> **TASK DESCRIPTION**
Where the data below contains pictures, omit them; output the rest word for word.

> **GIVEN INFORMATION**
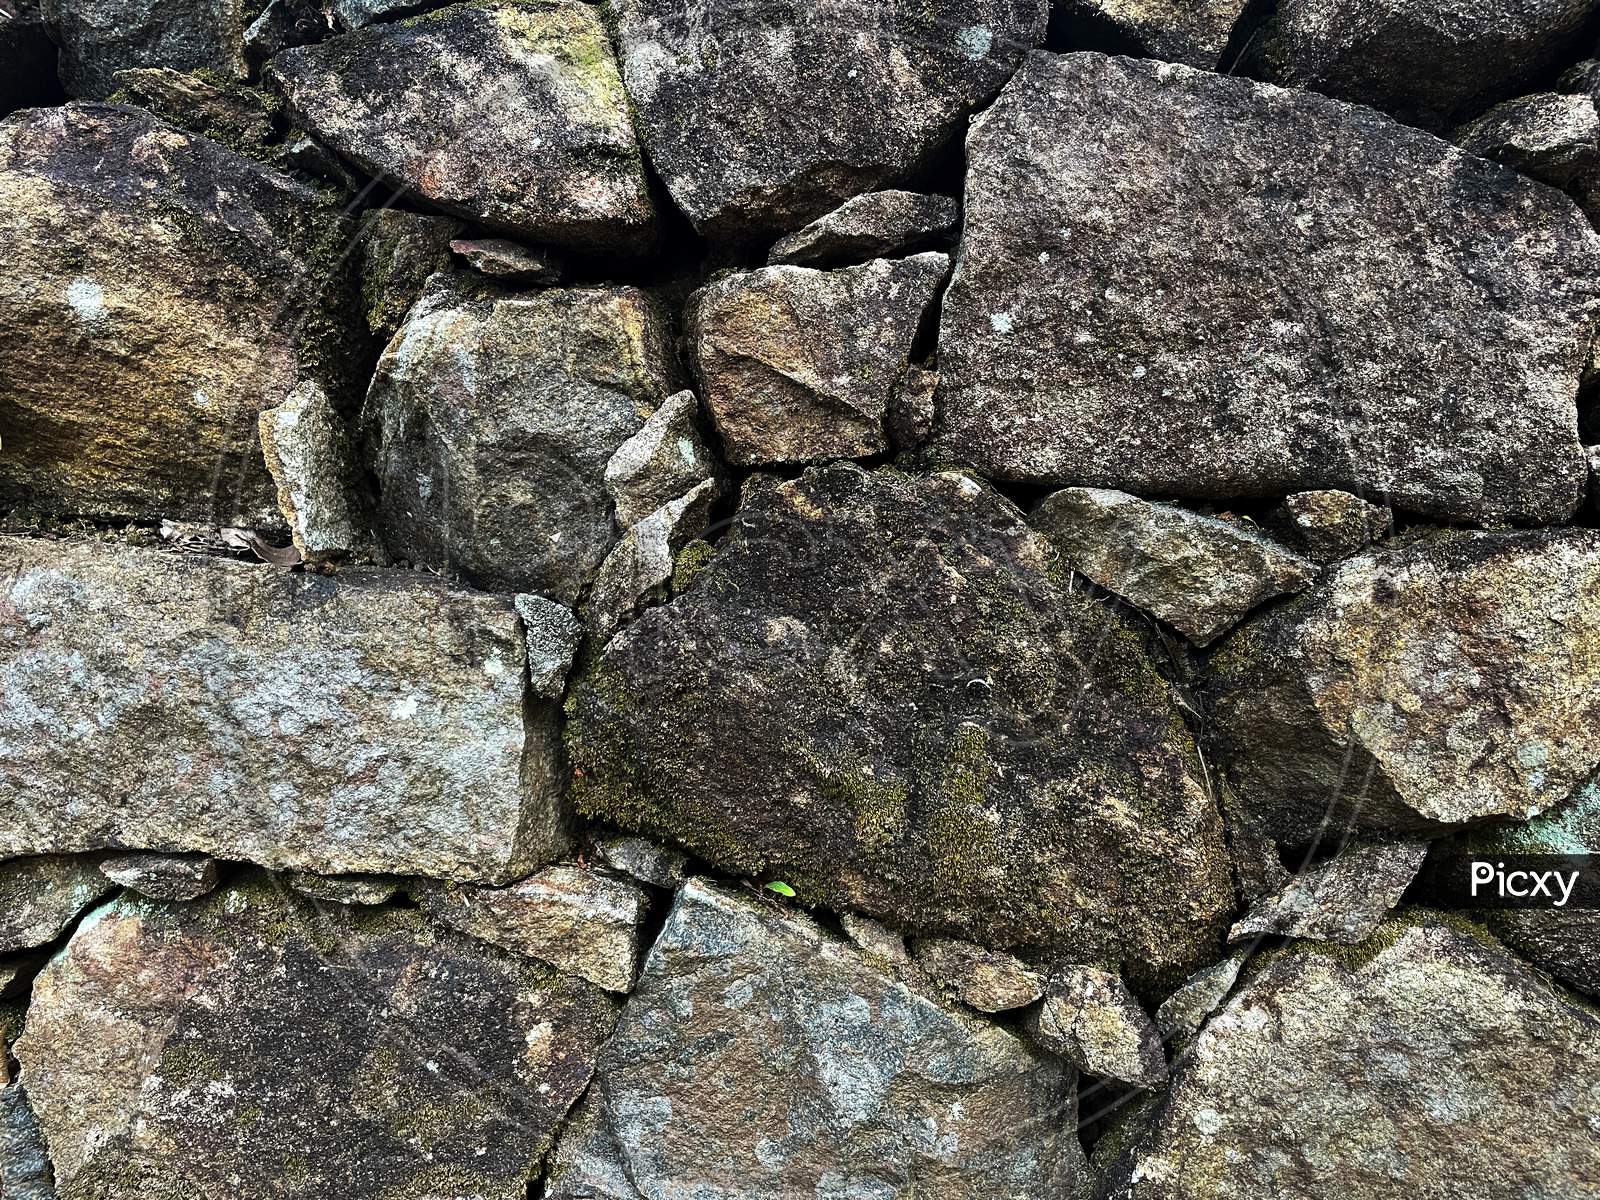 Image Of Dry Rubble Masonry For Construction.
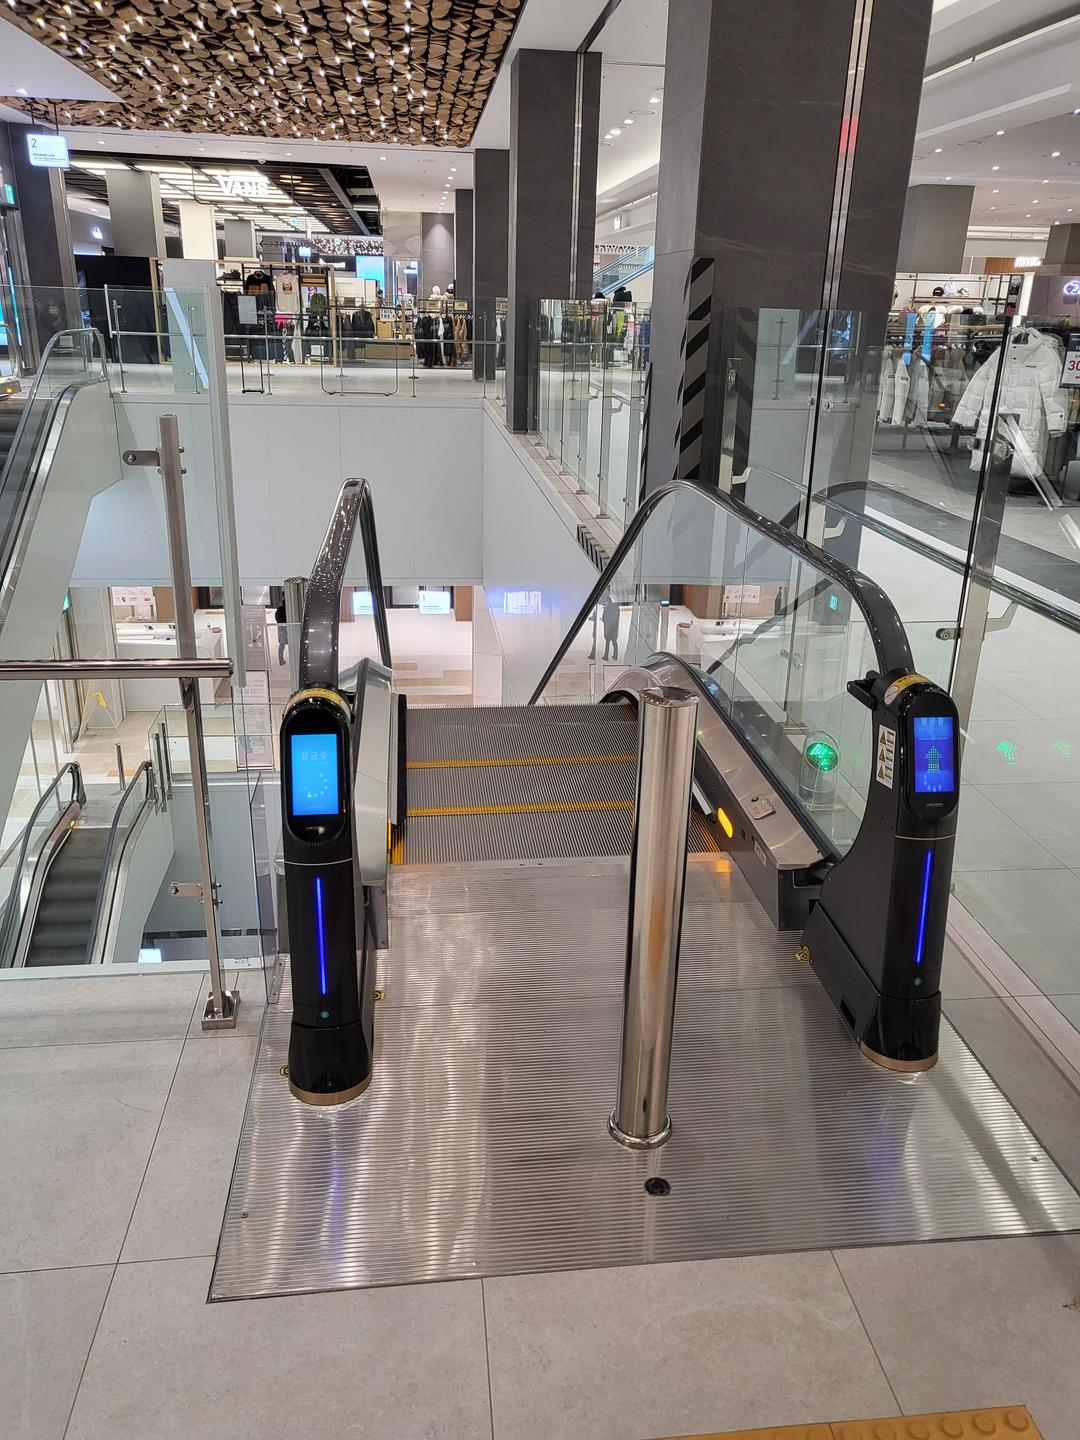 Escalator handle sterilizer installed as part of the Corona 19 prevention system in a shopping mall (sterilization and cleaning) Weclean 4
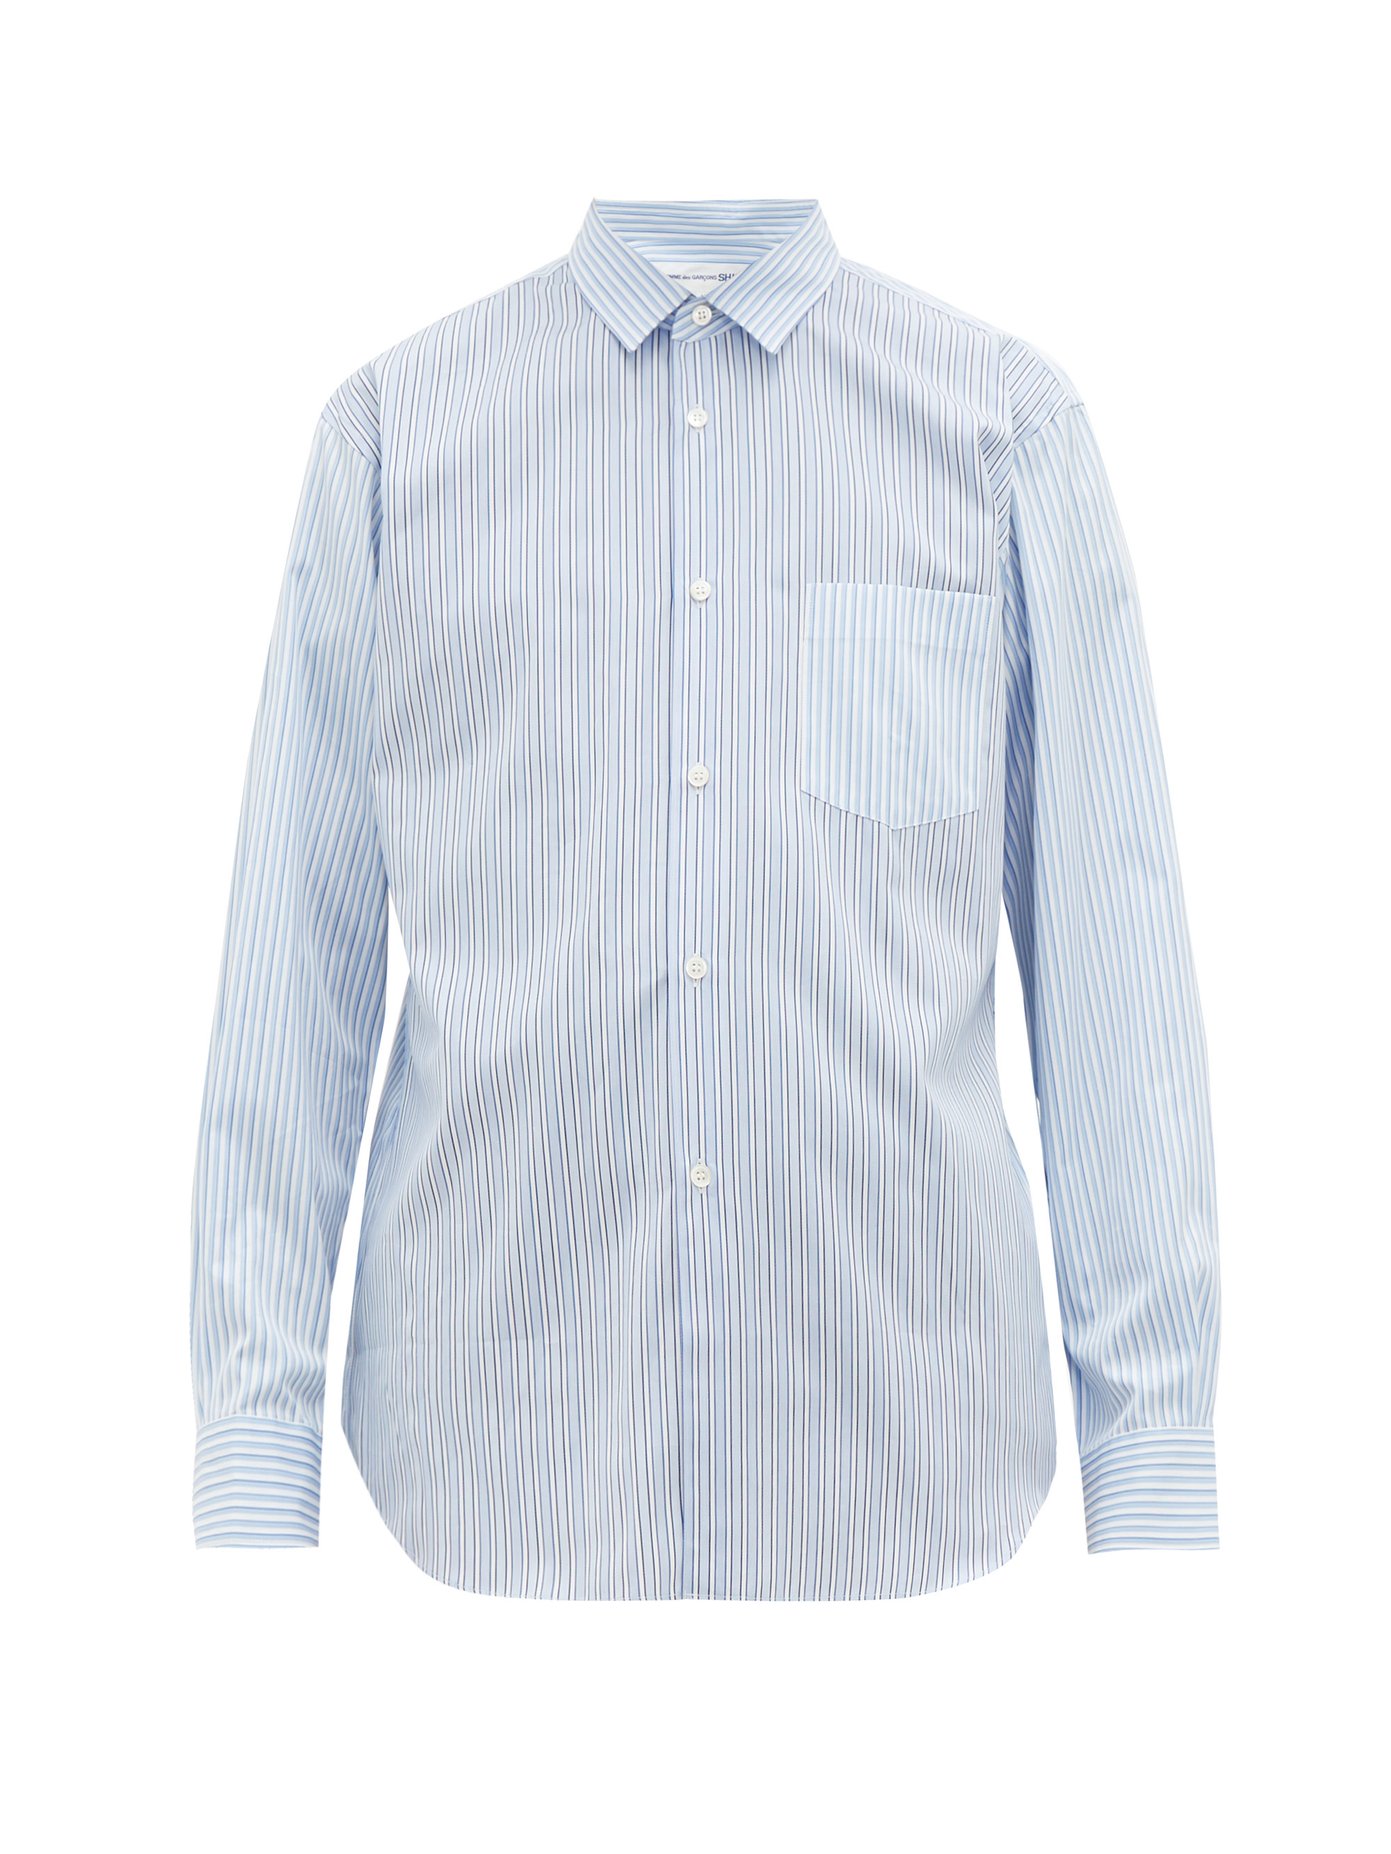 Comme Des Garcons Oxford Shirt Hotsell, 50% OFF | lagence.tv

> **REPLY**
 Image Of Dry Rubble Masonry For Construction.
 Escalator handle sterilizer installed as part of the Corona 19 prevention system in a shopping mall (sterilization and cleaning) Weclean 4
 Comme Des Garcons Oxford Shirt Hotsell, 50% OFF | lagence.tv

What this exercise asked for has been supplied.